Long time no whole problem, not without good title, just lazy too lazy too lazy ... Hurriedly tidy up a few questions to mend your own sins ...
Description
Bo is a ' life Winner '. He likes playing chessboard games with his girlfriend G.
The size of the chessboard is NXM. The top left corner is numbered (all) and the lower right corner is Numberd (n,m).
For each game,bo and G take turns moving a chesspiece (Bo first). At First,the Chesspiece are located at (.) And the winner is the person who first moves the chesspiece to (n,m). At one point,if the chess can ' t is moved and it isn ' t located at (n,m), they end in a draw.
In General,the Chesspiece can is only is moved right or down. Formally,suppose It is located at (x, y), it can be moved to the next point -Y -) only if X -≥x and Y -≥y. Also it can ' t be moved to the outside of chessboard.
Besides,there is four kinds of chess (they has movement rules respectively).
1.king.
2.rook (Castle).
3.knight.
4.queen.
(The movement rule is as same as the chess.)
For each type of chess,you should find out, who would win the game if they both play in an optimal strategy.
Print the winner ' s name ("B" or "G") or "D" if nobody wins the game.
Inputin The first line,there is a number T as a case number.
In the next T Lines,there is three numbers type,n and M.
"Type" means the kind of the chess.
T≤1000,2≤n,m≤1000,1≤type≤4outputfor each Question,print the answer.
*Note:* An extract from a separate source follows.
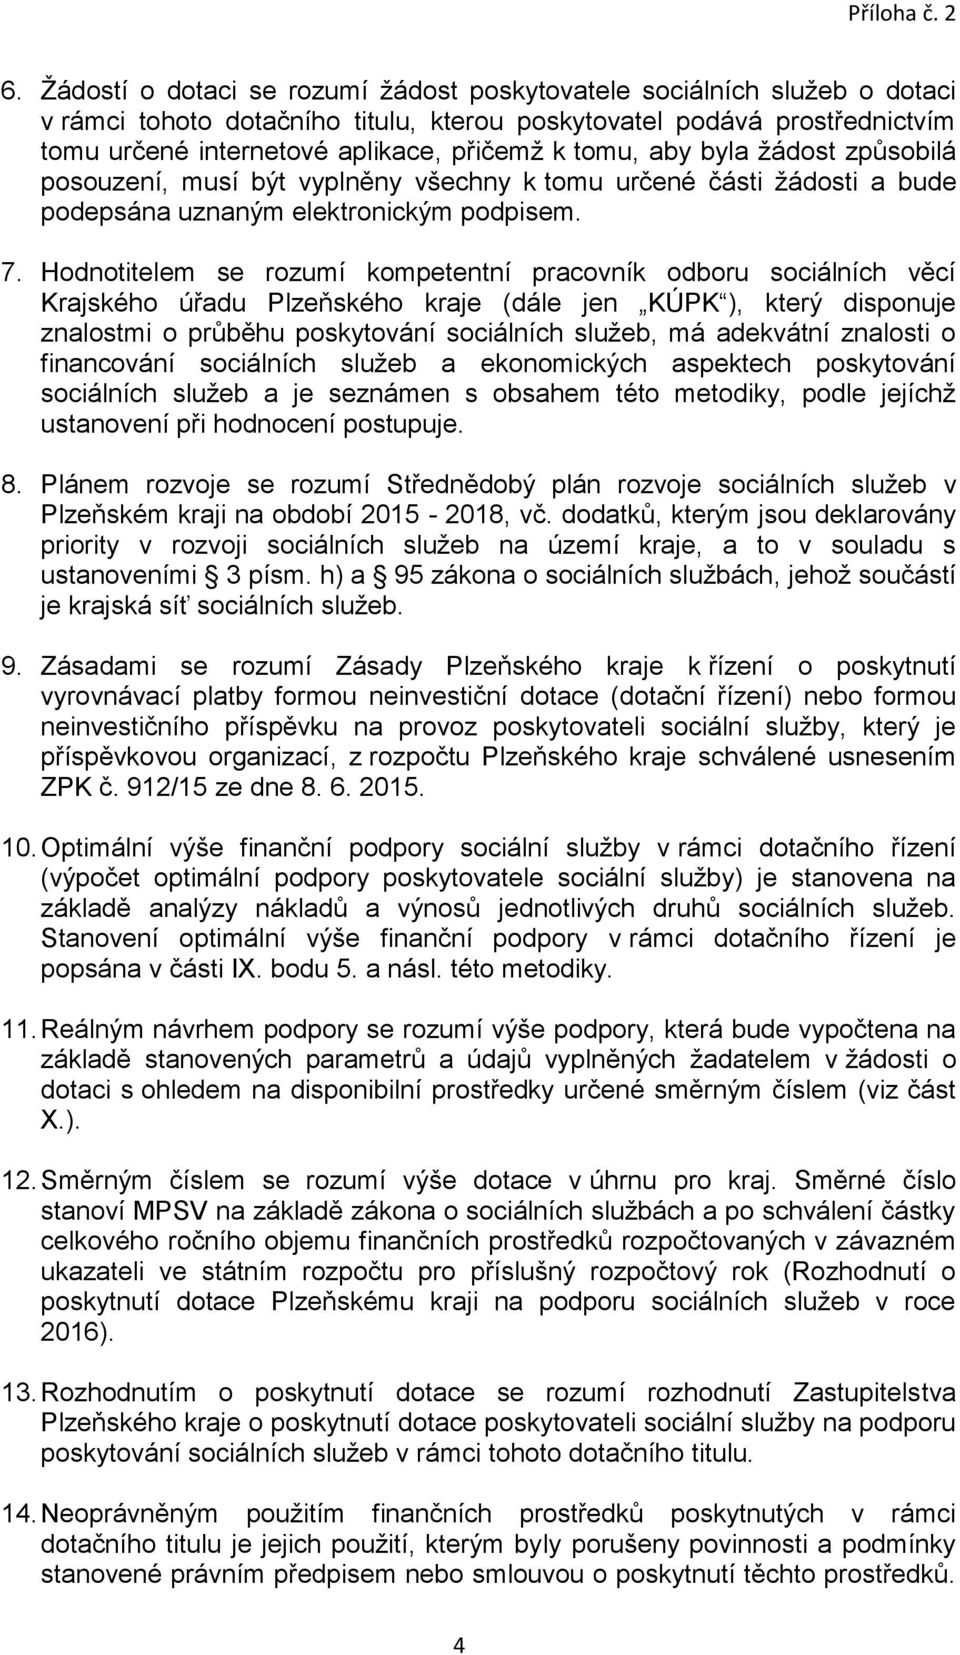 Hodnotitelem se rozumí kompetentní pracovník odboru sociálních věcí Krajského úřadu Plzeňského kraje (dále jen KÚPK ), který disponuje znalostmi o průběhu poskytování sociálních služeb, má adekvátní
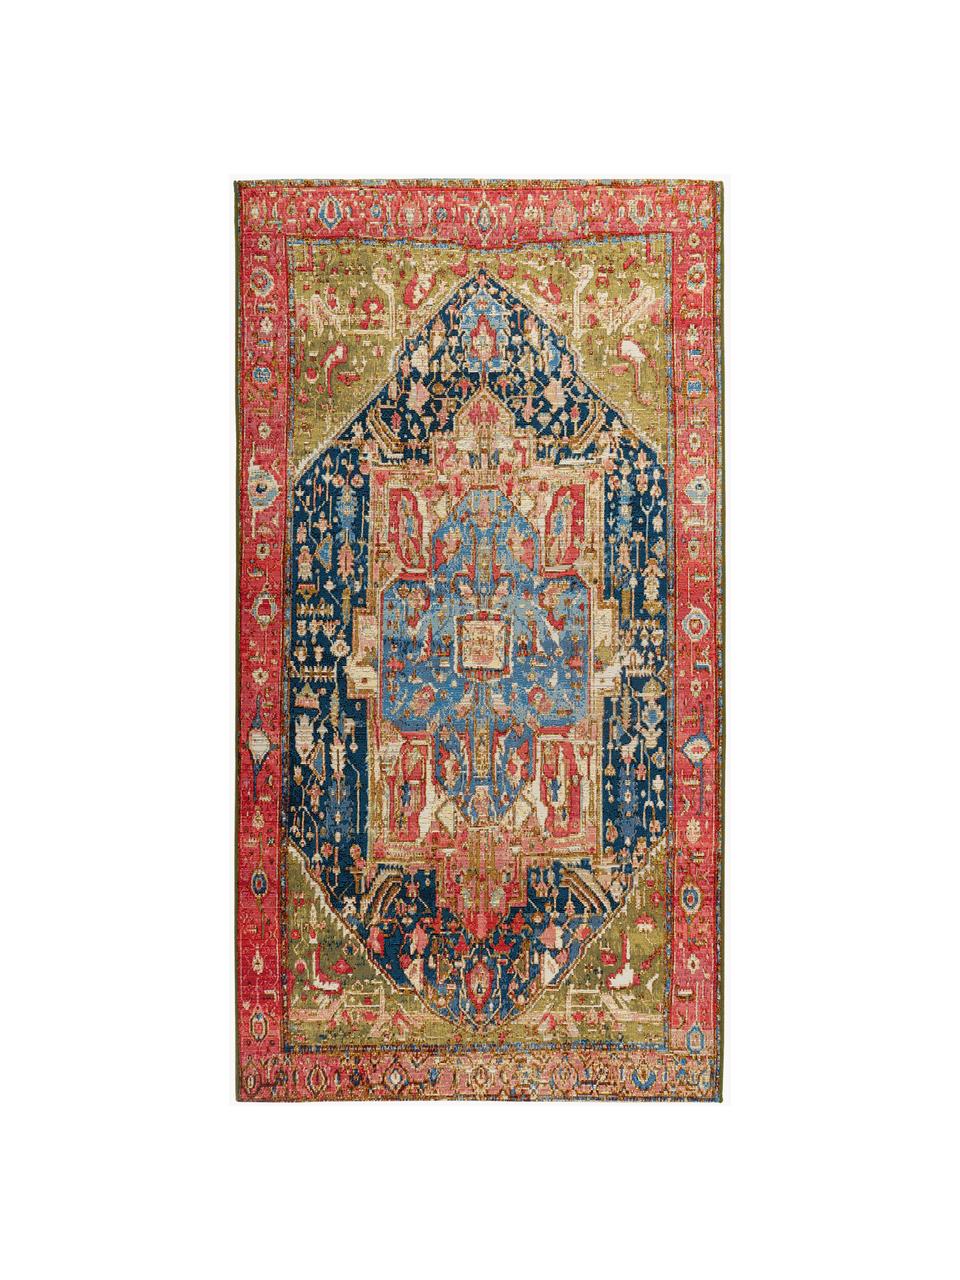 Interiérový/exteriérový koberec Gobelina, 76% polypropylen, 24% polyester, Více barev, Š 120 cm, D 170 cm (velikost S)

Sample INPUT4 1 5 5 2 5 5 3 5 5 4 5 5Sample outputg G D B Test Instructions:N*m's chessboard, a piece to go from the upper left corner (0,0) to the lower right corner, two people take turns moving, who moves to the last step who wins, move the rules as follows, there are four kinds of pieces:1 King Kings Right, down, or right down one pane2, Castle the car to the right, or downward move any lattice3, Knight Horse to 2*3 the other corner of the matrix movement4. Queen Queen move to any position of the same row, column, SlashIdeas:
It is obvious that this is a game topic. He was fortunate to have four pieces, respectively, corresponding to four kinds of way, that is, four games together.
The chessboard as two piles of stone, chess pieces to move to take is two piles of stone, who first take who wins, a heap of stones n-1, a pile of m-1.
Analyze four kinds of games separately
1 King Kings to the right, down, or down to the right to move a grid, simplifying into a pebble the problem is that you can take one (right, down) or one in both piles (right down). Finally take (0,0) that is very obvious, the end result is even, each even can only become odd even, even odd, Kiki, however, these three can be once into even. So there is the answer, who face the situation of even the people who lose, the other side as long as to keep him in the face of the occasional situation can be guaranteed to take away the last stone. This is for n-1 and m-1, for N,m is when n,m are odd when the first person to face the inevitable, or the first person to win.
2, Castle car to the right, or downward move any lattice, simplifying into a stone problem is to remove any one from a heap, simple NIM game can be solved. The same can be understood as the beginning of the guarantee and the end point on a diagonal, must be the initiator win, so the winning strategy is to move to the diagonal-but if the beginning is a square, then the initiator must be defeated.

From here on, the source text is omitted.